I'm struggling with this assignment for a couple of hours, and i dont seem to find any clues :(
I have to find the limit of this exponential function: $$\lim_{n \to \infty} (1+\frac{1}{n+2})^{2n+3} $$
I've already tried to rewrite the expression as: $$\lim_{n \to \infty} ((1+\frac{1}{n+2})^{n+2})^{\frac{2n+3}{n+2}}$$ $$\lim_{n \to \infty} \frac{2n+3}{n+2} = 2 $$ $$\lim_{n \to \infty} (1+\frac{1}{n+2})^{2n+4}$$ $$k=n+2$$ $$\lim_{n \to \infty} (1+\frac{1}{k})^{2k})$$
But it didn't help actually. I know i have to rewrite the limit to the form of: $$\lim_{n \to \infty} (1+\frac{x}{n})^{n}= e^x$$ Unfortunately i'm out of ideas now. I will really appreciate any tips from you guys. I totally stuck with this one.

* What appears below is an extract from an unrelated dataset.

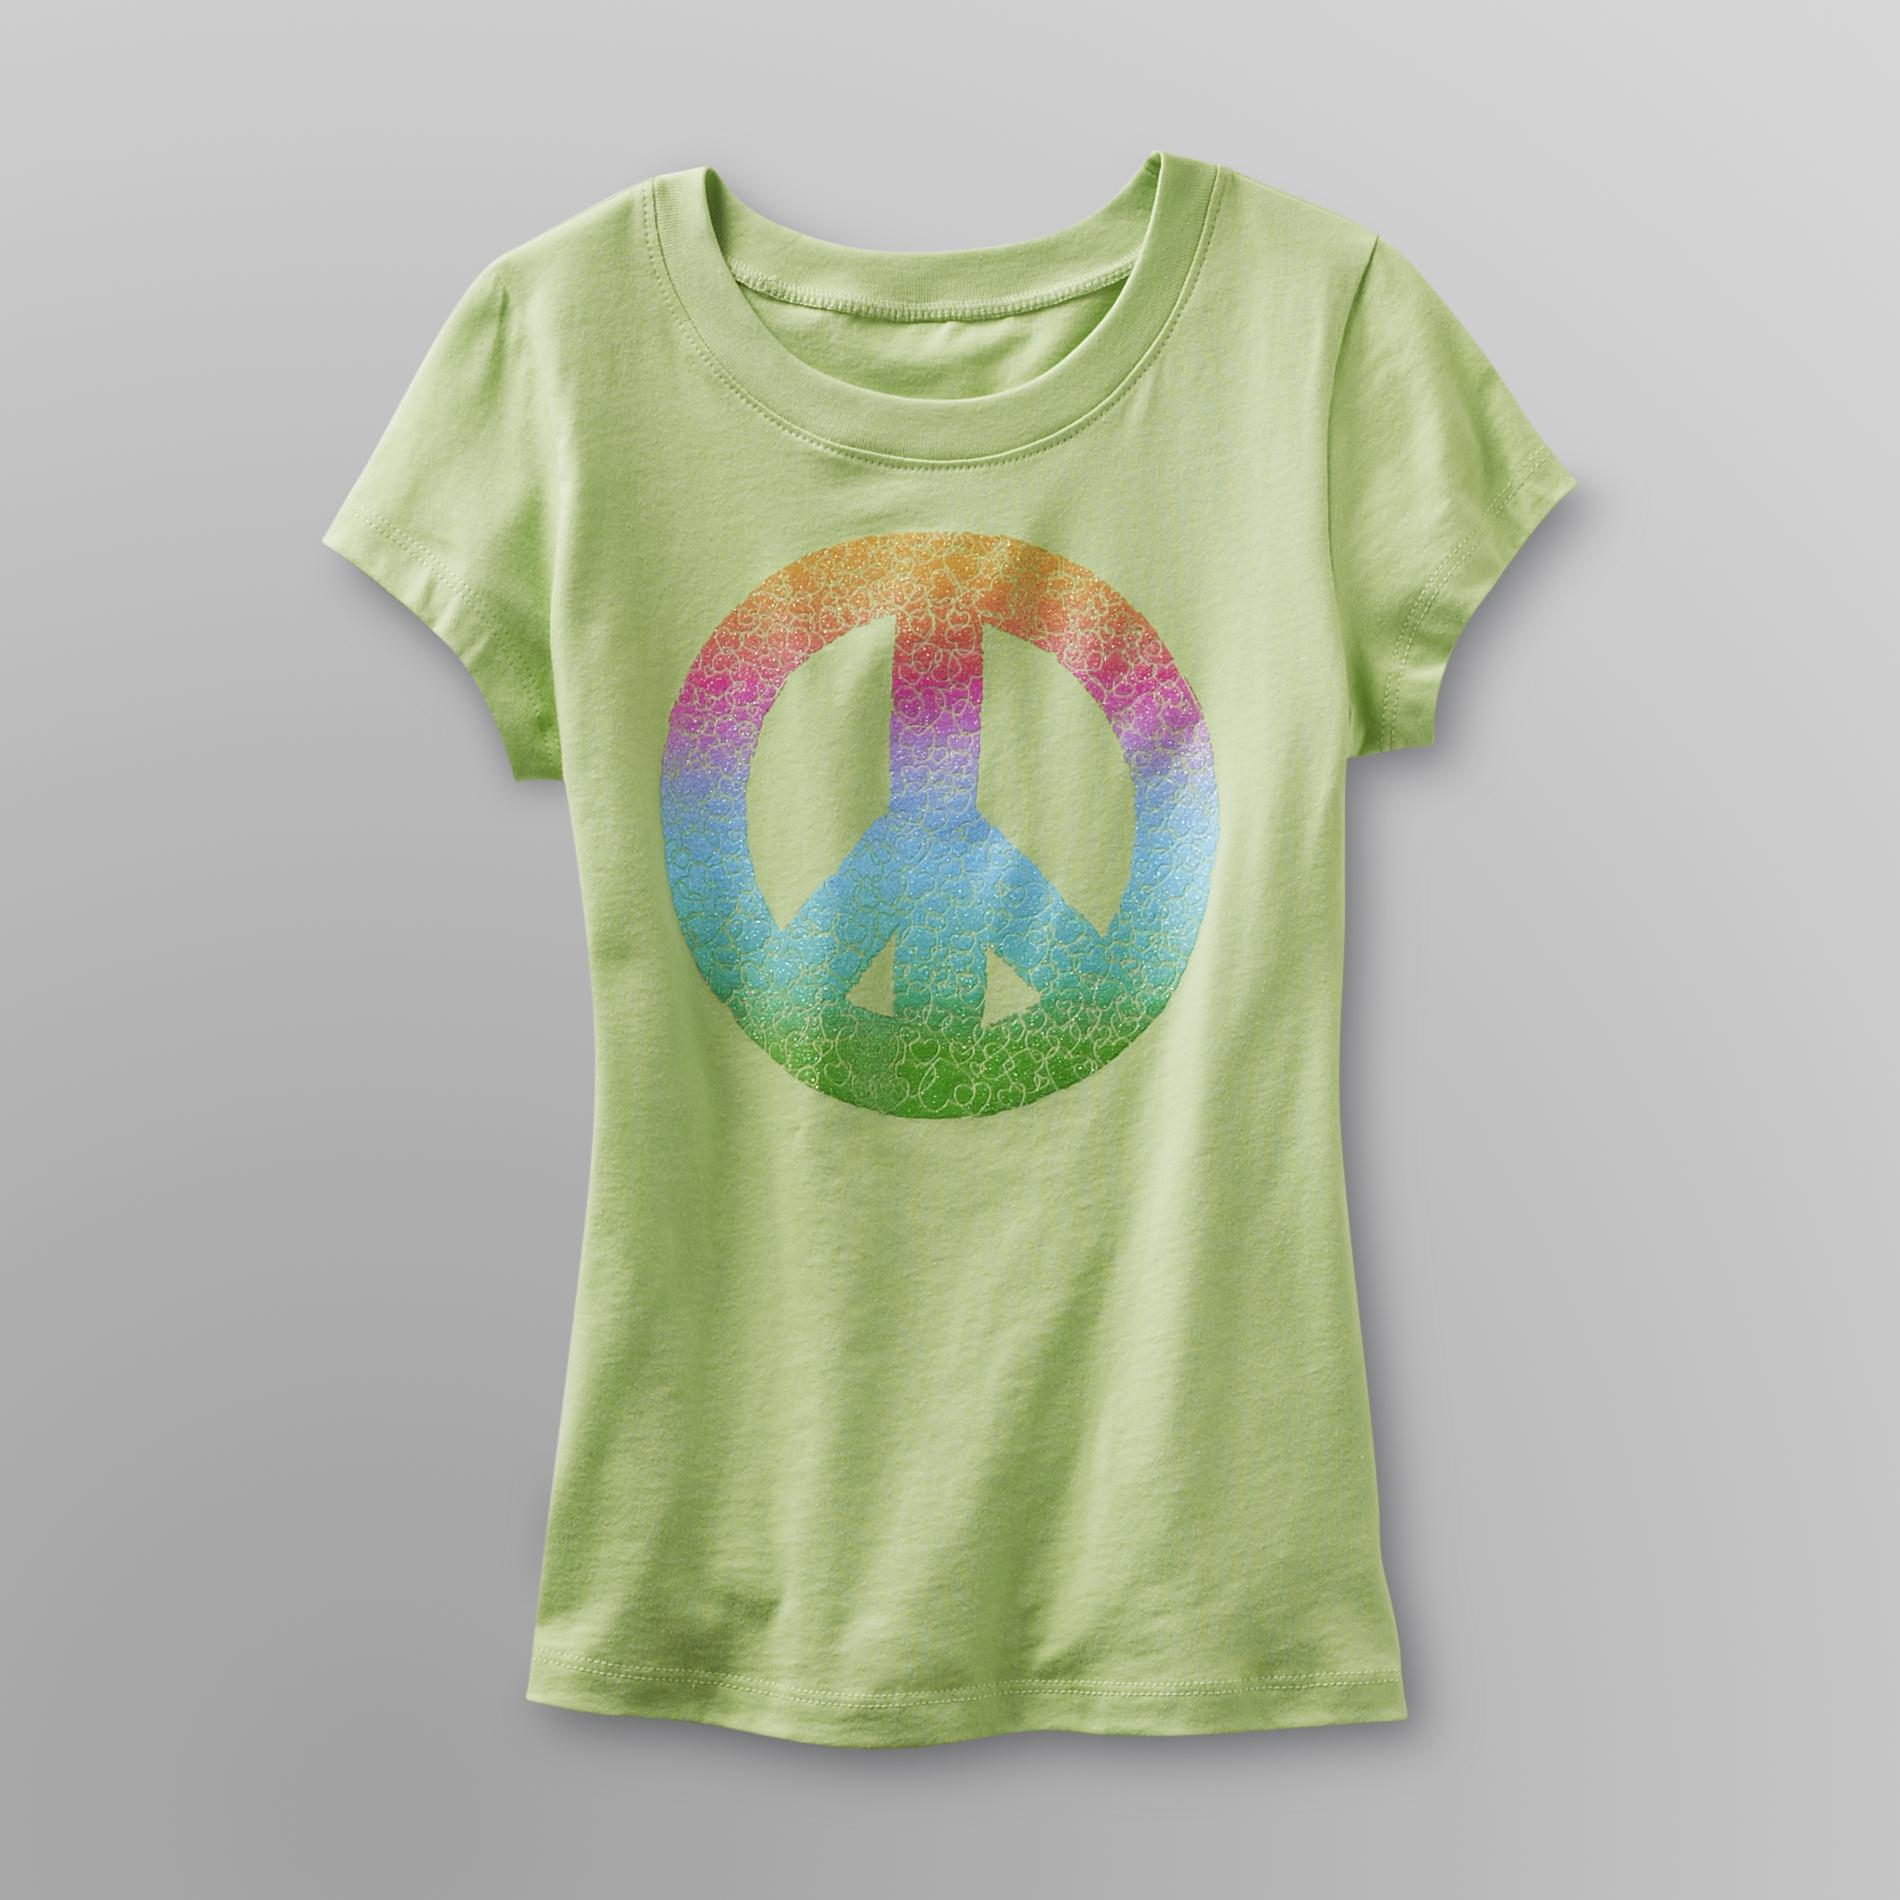 Route 66 Girl's Graphic T-Shirt - Peace Symbol

You have solved the problem yourself. Just check this.
$$\lim_{n \to \infty} (1+\frac{1}{n+2})^{2n+3} $$ $$=\lim_{n \to \infty} \left(\left(1+\frac{1}{n+2}\right)^{n+2}\right)^{\frac{2n+3}{n+2}}$$ $$= \left(\lim_{(n+2) \to \infty}\left(1+\frac{1}{n+2}\right)^{n+2}\right)^{\lim_{n \to \infty}\frac{2n+3}{n+2}}$$ $$=e^{\lim_{n \to \infty} \frac{2n+3}{n+2}} =e^2 $$